When aggregated, these logs enable queries like "Show me all cases where the agent selected tool X with confidence < 0.7" or "Find tasks where the agent changed tool selection mid-execution."

Real-time Monitoring and Alerting: Observability platforms trigger alerts when agent behavior deviates from normal patterns:

  • Alert when error rate exceeds 5% over a 10-minute window
  • Alert when average task duration increases by 50% compared to baseline
  • Alert when an individual agent task exceeds 100 LLM calls (potential infinite loop)
  • Alert when cost per completed task exceeds $1.00 (inefficiency indicator)
  • Alert when an agent attempts to use deprecated or disabled tools

Common Pitfalls

Insufficient Instrumentation: The most common pitfall is instrumenting only high-level success/failure metrics without capturing the internal agent reasoning process. When issues occur, teams find they cannot reconstruct what the agent was thinking or why it made specific decisions. Every significant decision point in agent execution should emit structured events.
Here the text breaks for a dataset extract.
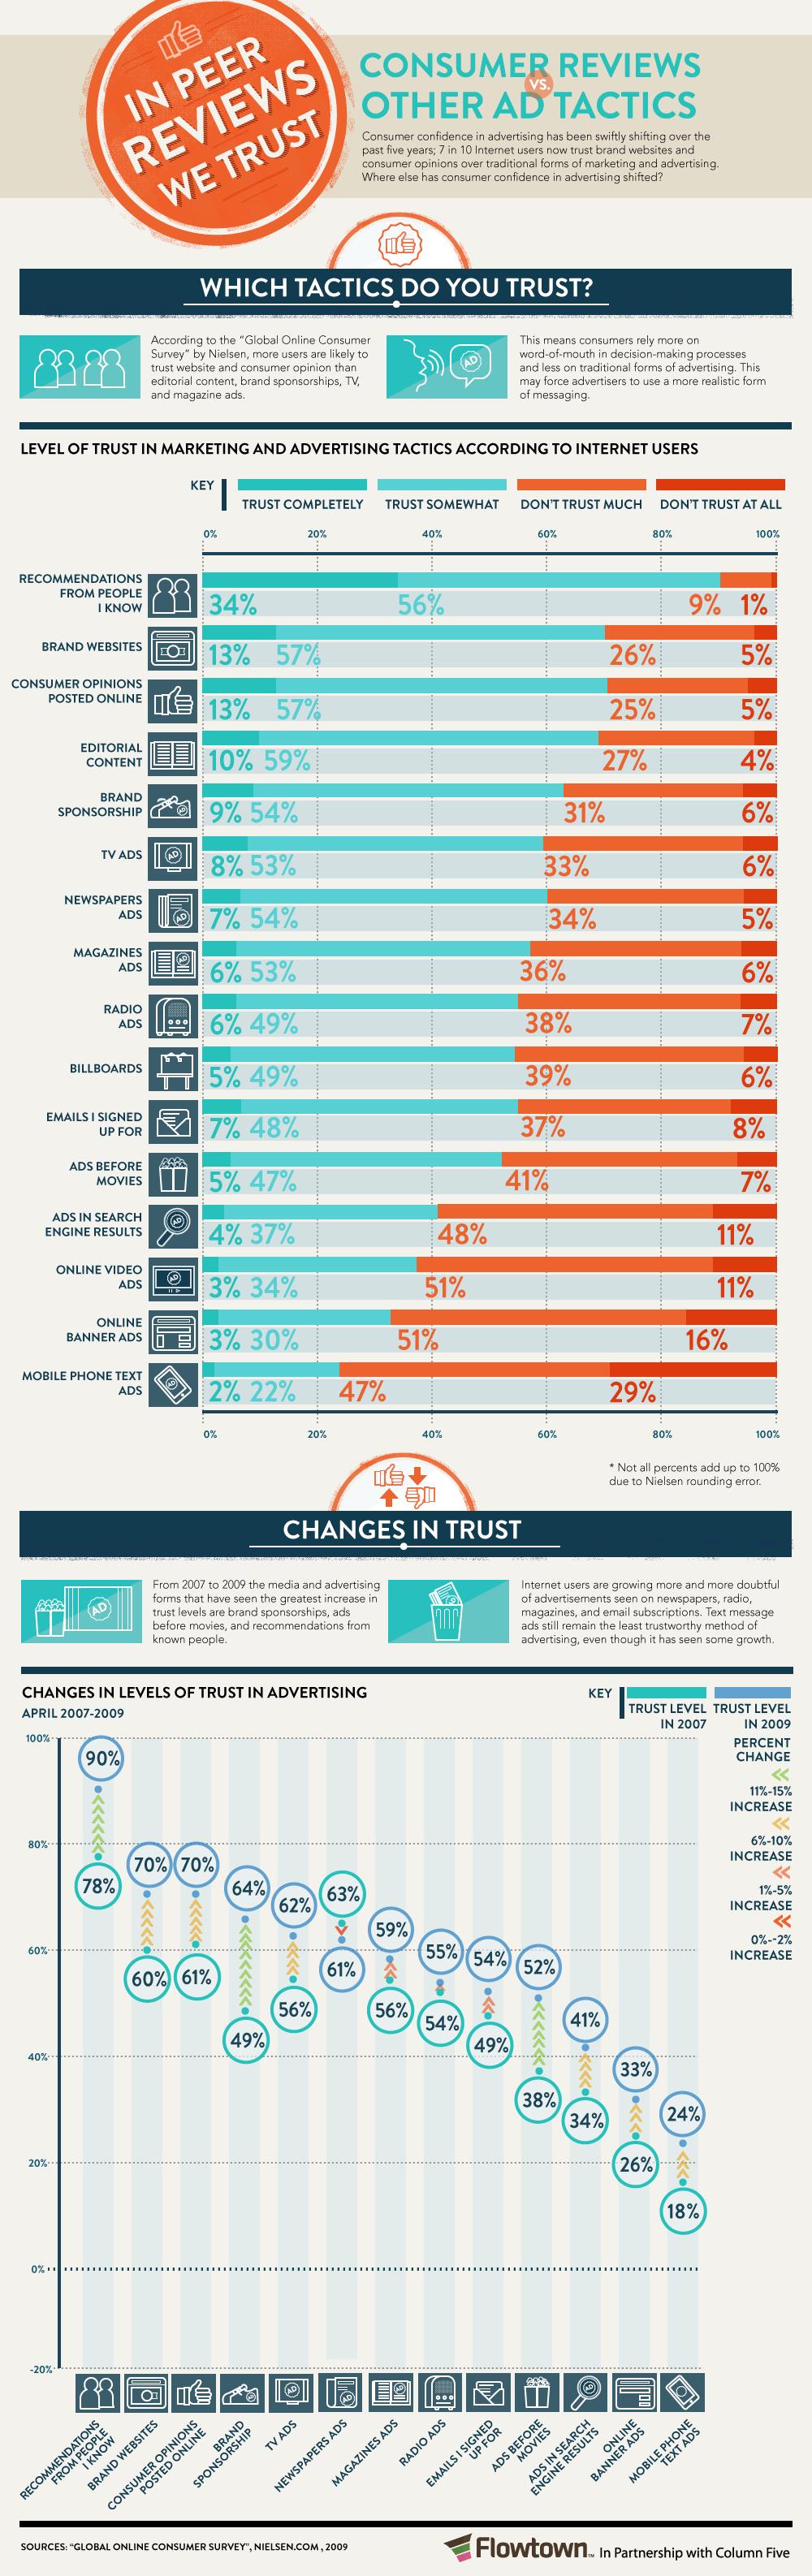 La confiance du consommateur en une infographie
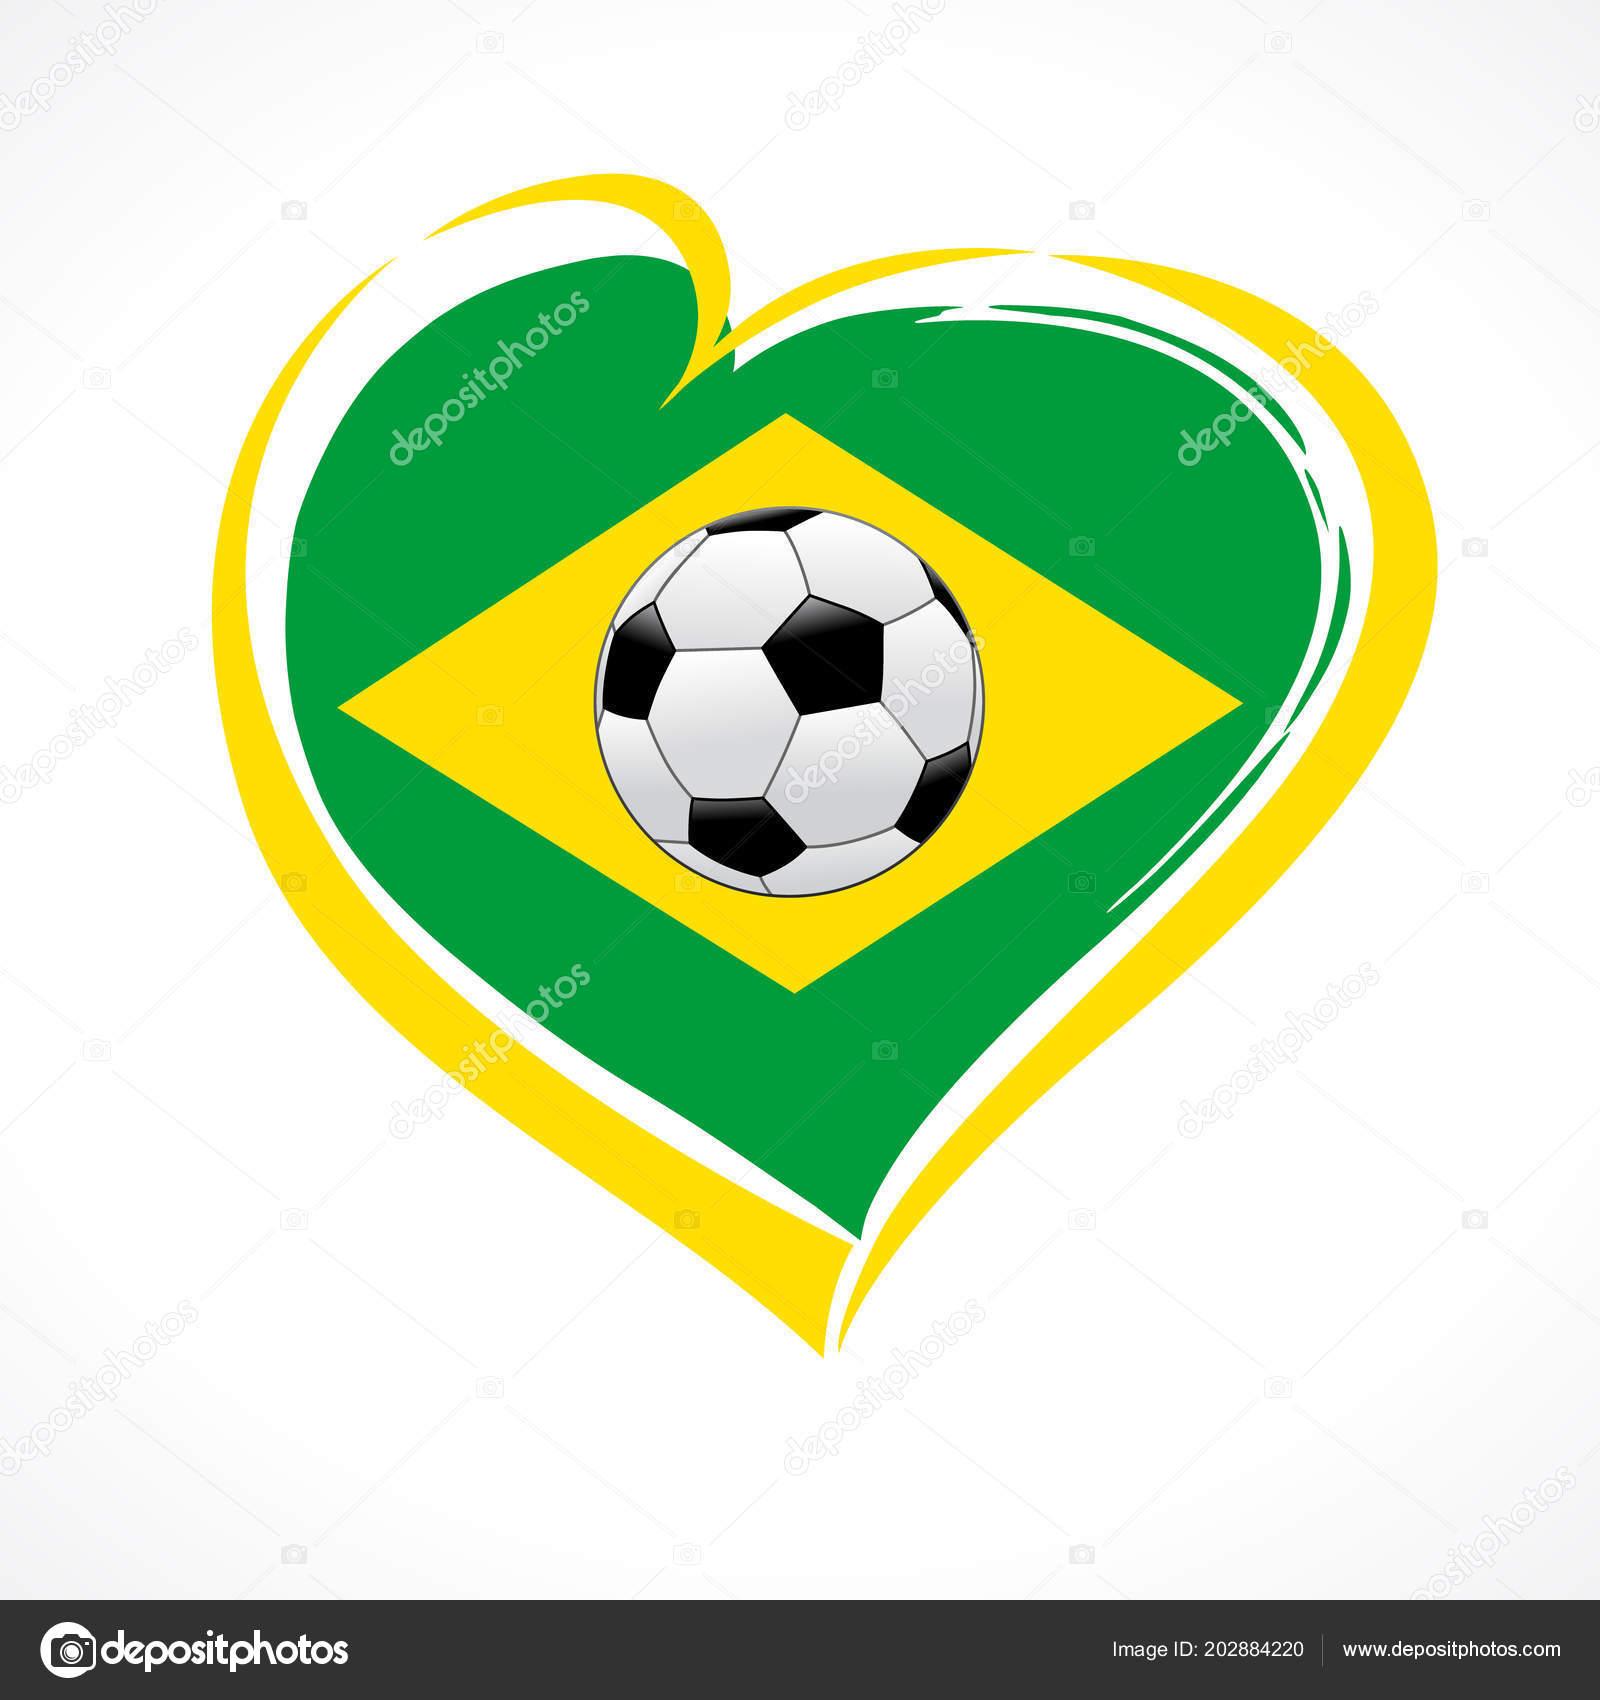 Emblema de Brasil de amor con corazón en color y futbol bola de la bandera  nacional. Banner de la competencia de torneo nacional brasileño de fútbol. e0f5ce12a8051

High Cardinality Metrics: Agent systems naturally produce high-cardinality data—unique task IDs, variable user inputs, diverse tool combinations. Naively adding all context as metric labels can overwhelm metrics systems:

// PROBLEMATIC: High cardinality
metrics.counter('agent_tasks_completed', {
  user_id: userId,           // Potentially millions of unique values
  input_text: inputText,     // Essentially infinite cardinality
  task_id: taskId,          // Every task is unique
});

// BETTER: Bounded cardinality
metrics.counter('agent_tasks_completed', {
  task_type: taskType,      // Limited set of types
  user_tier: userTier,      // Small set of tiers
  success: success,         // Boolean
});
// Store high-cardinality data in traces and logs instead

High-cardinality metrics cause performance degradation, increased storage costs, and query slowdowns.

Missing Correlation IDs: Agent tasks often span multiple services, microservices, and external APIs. Without correlation IDs propagated through the entire request path, connecting related events becomes impossible. Every log line, metric, and trace span should include identifiers that allow correlation:

  • task_id: Unique identifier for the agent task
  • session_id: Identifier for multi-turn agent sessions
  • trace_id: Distributed tracing identifier
  • user_id: For user-initiated tasks

Over-reliance on Sampling: To reduce costs, some teams aggressively sample traces—capturing only 1% or 0.1% of agent executions. This works for high-throughput web services but is problematic for agents where rare failure modes matter significantly. A bug affecting 0.5% of tasks might never appear in sampled data. Consider head-based sampling that captures all errors and slow requests, plus a percentage of successful requests.

Logging Sensitive Data: Agents often process user data, API credentials, and proprietary information. Logging agent reasoning verbatim can inadvertently capture sensitive data:

// DANGEROUS: May log sensitive data
logger.info('Agent input', { input: userInput });

// SAFER: Redact or summarize
logger.info('Agent input', {
  input_length: userInput.length,
  input_type: classifyInputType(userInput),
  contains_pii: detectPII(userInput),
});

Implement automatic redaction for known sensitive patterns (API keys, SSNs, credit cards) and consider separate audit logs with enhanced access controls for full data capture.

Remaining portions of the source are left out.